=== What the exercise asks ===
Give the listing below again exactly, but without any of its pictures.

=== Data ===
--
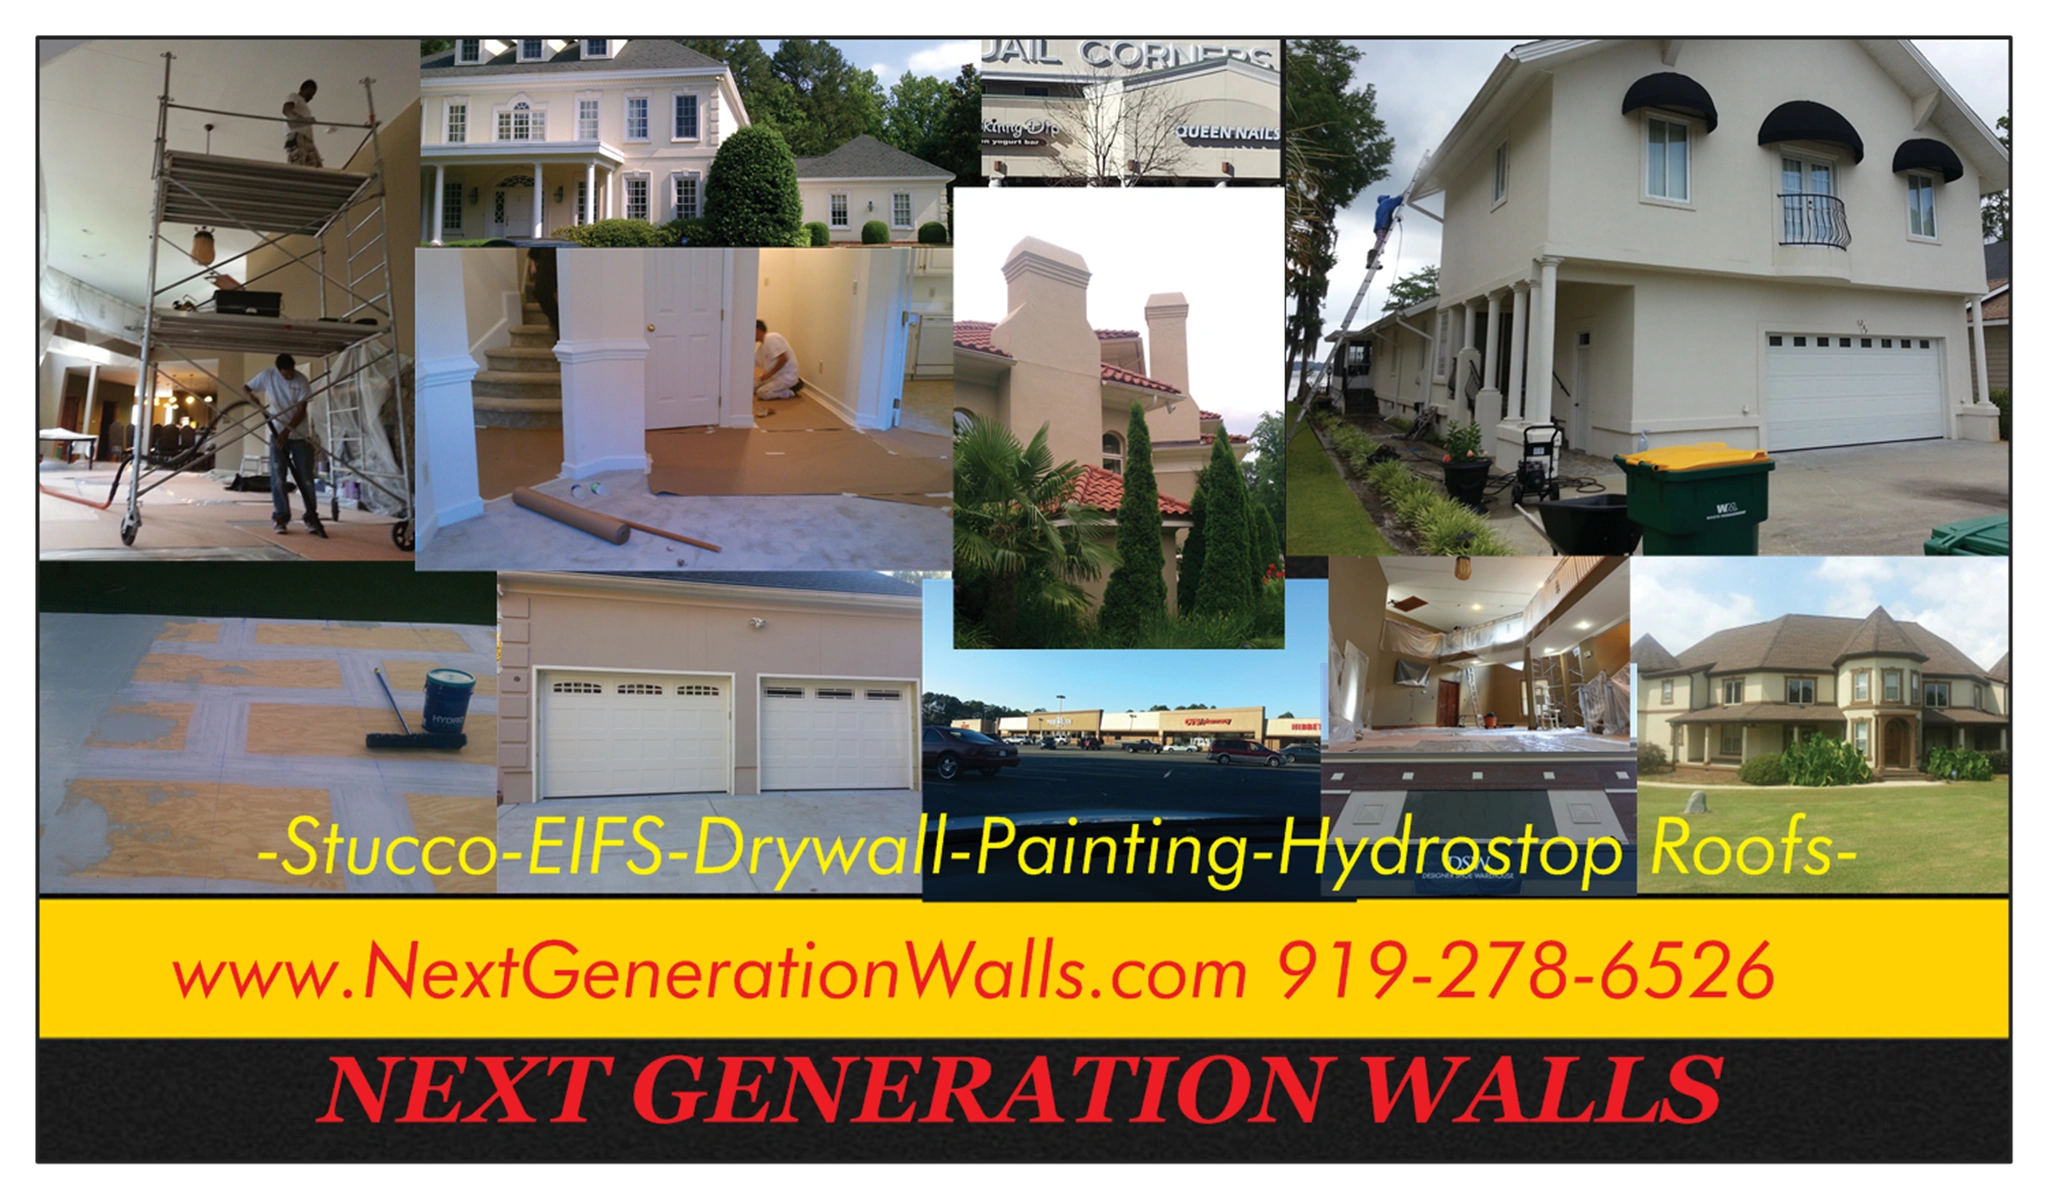 Next Generation Walls
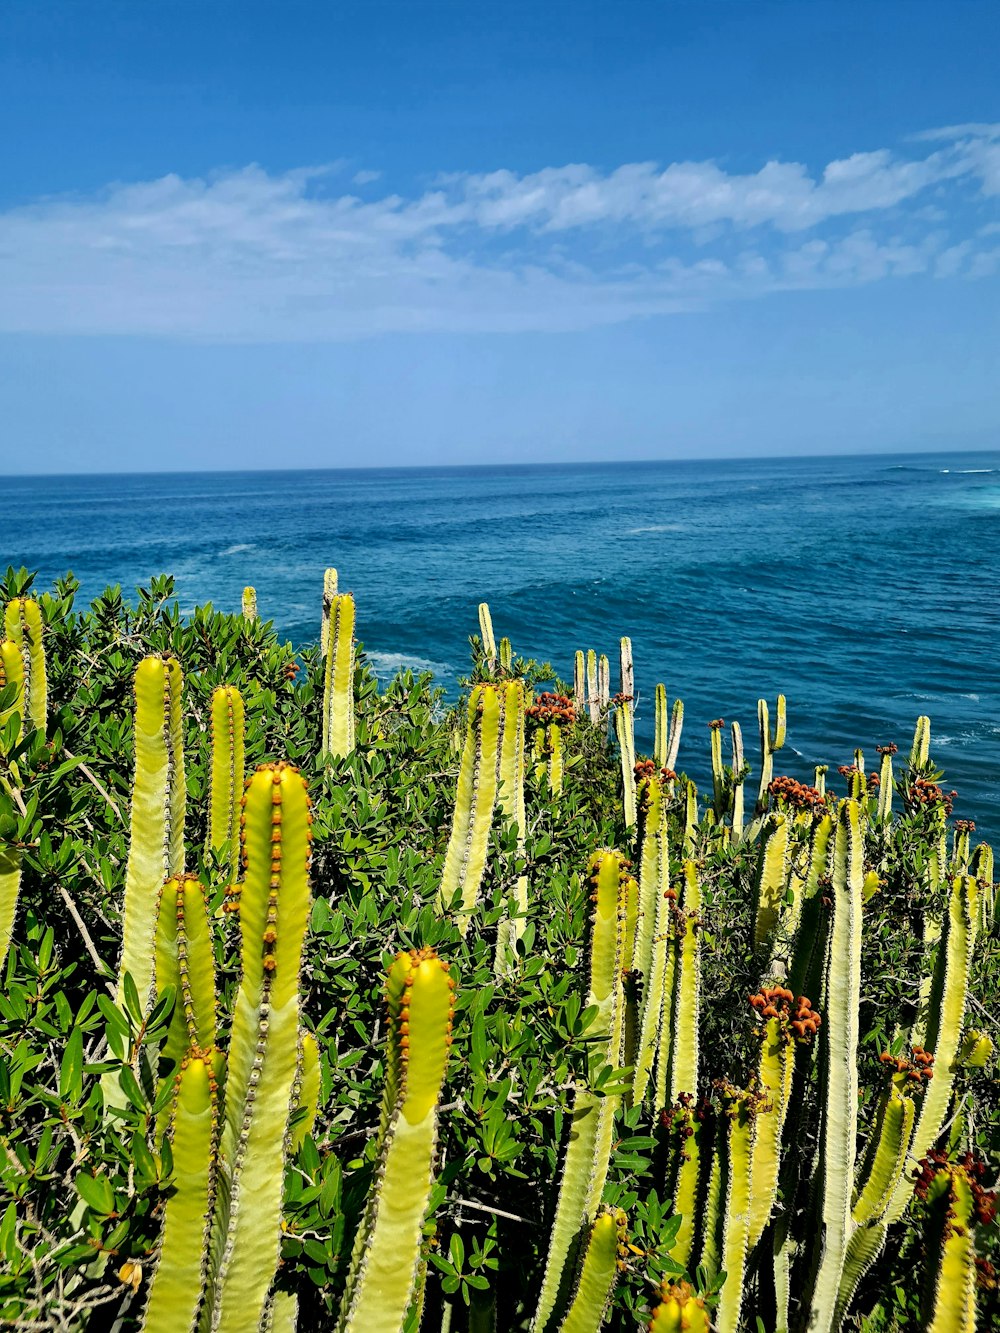 a bunch of cactus plants near the ocean
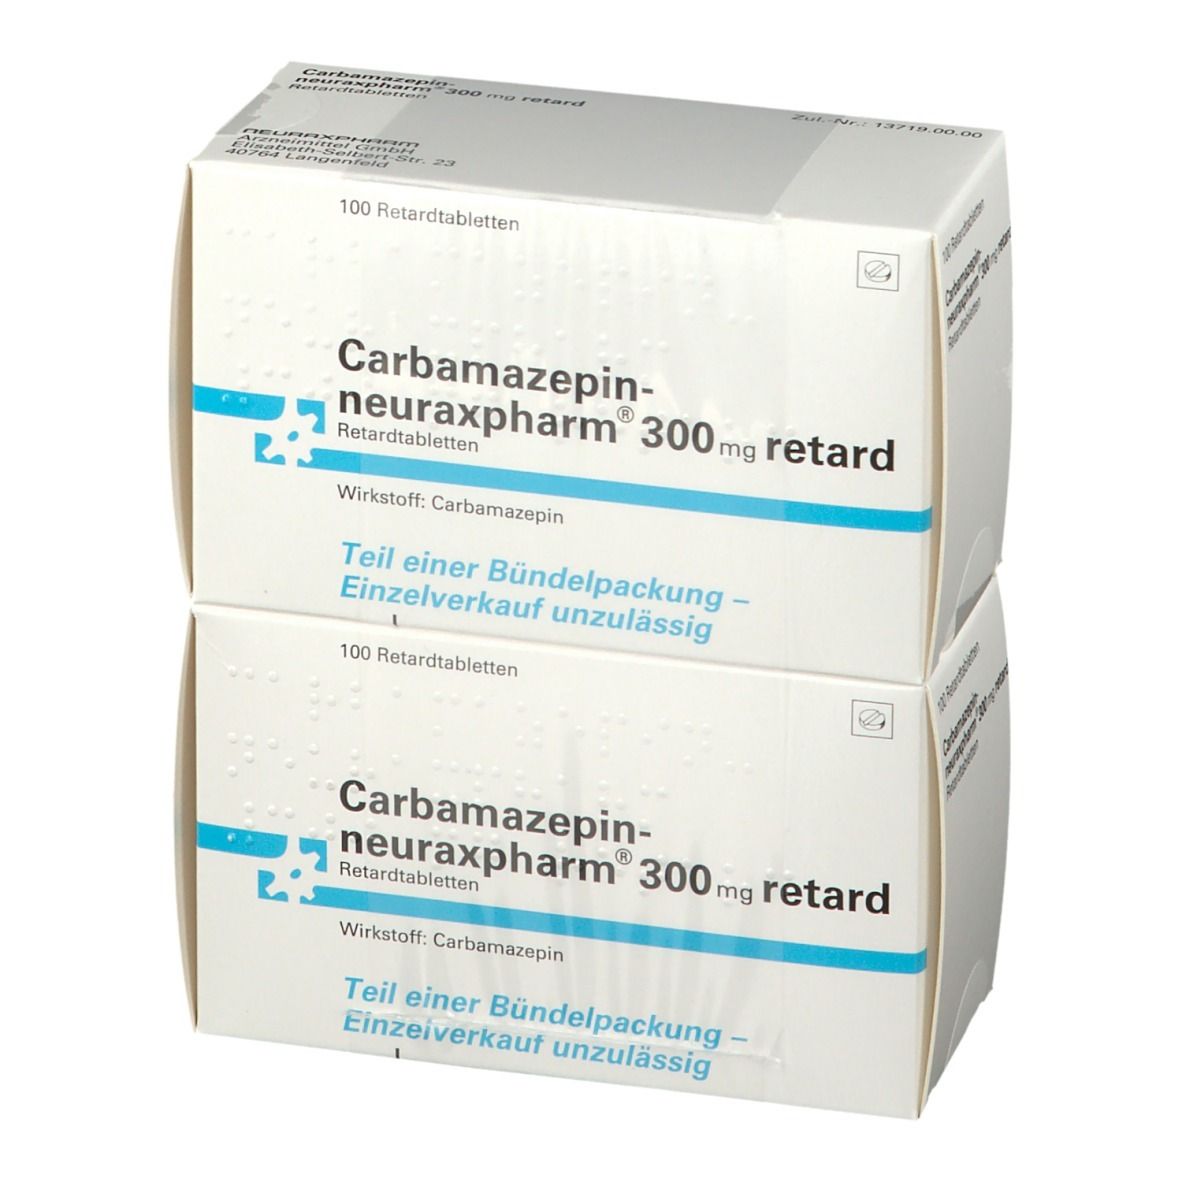 Carbamazepin-neuraxpharm® 300 mg retard
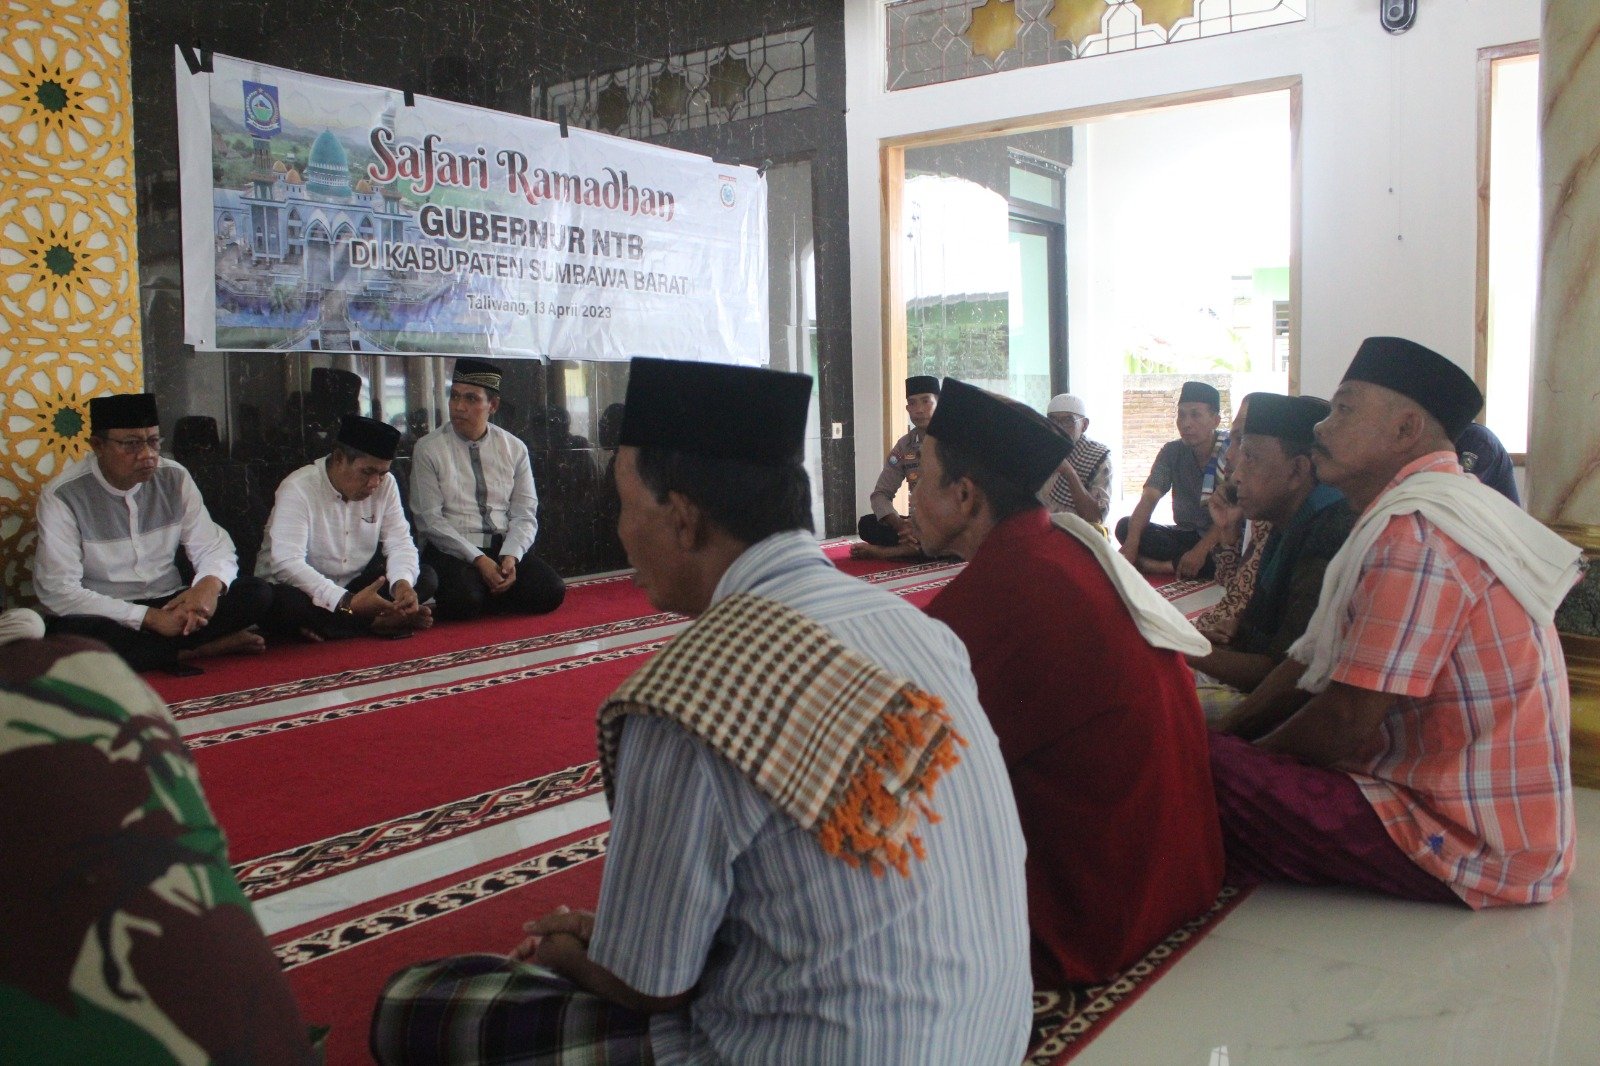 Safari Ramadan Gubernur di Sumbawa Barat Diwakili Kadis Ketahanan Pangan NTB
--
=== The completed task ===
 Next Generation Walls
 a bunch of cactus plants near the ocean
 Carbamazepin-neuraxpharm® 300 mg retard
 Safari Ramadan Gubernur di Sumbawa Barat Diwakili Kadis Ketahanan Pangan NTB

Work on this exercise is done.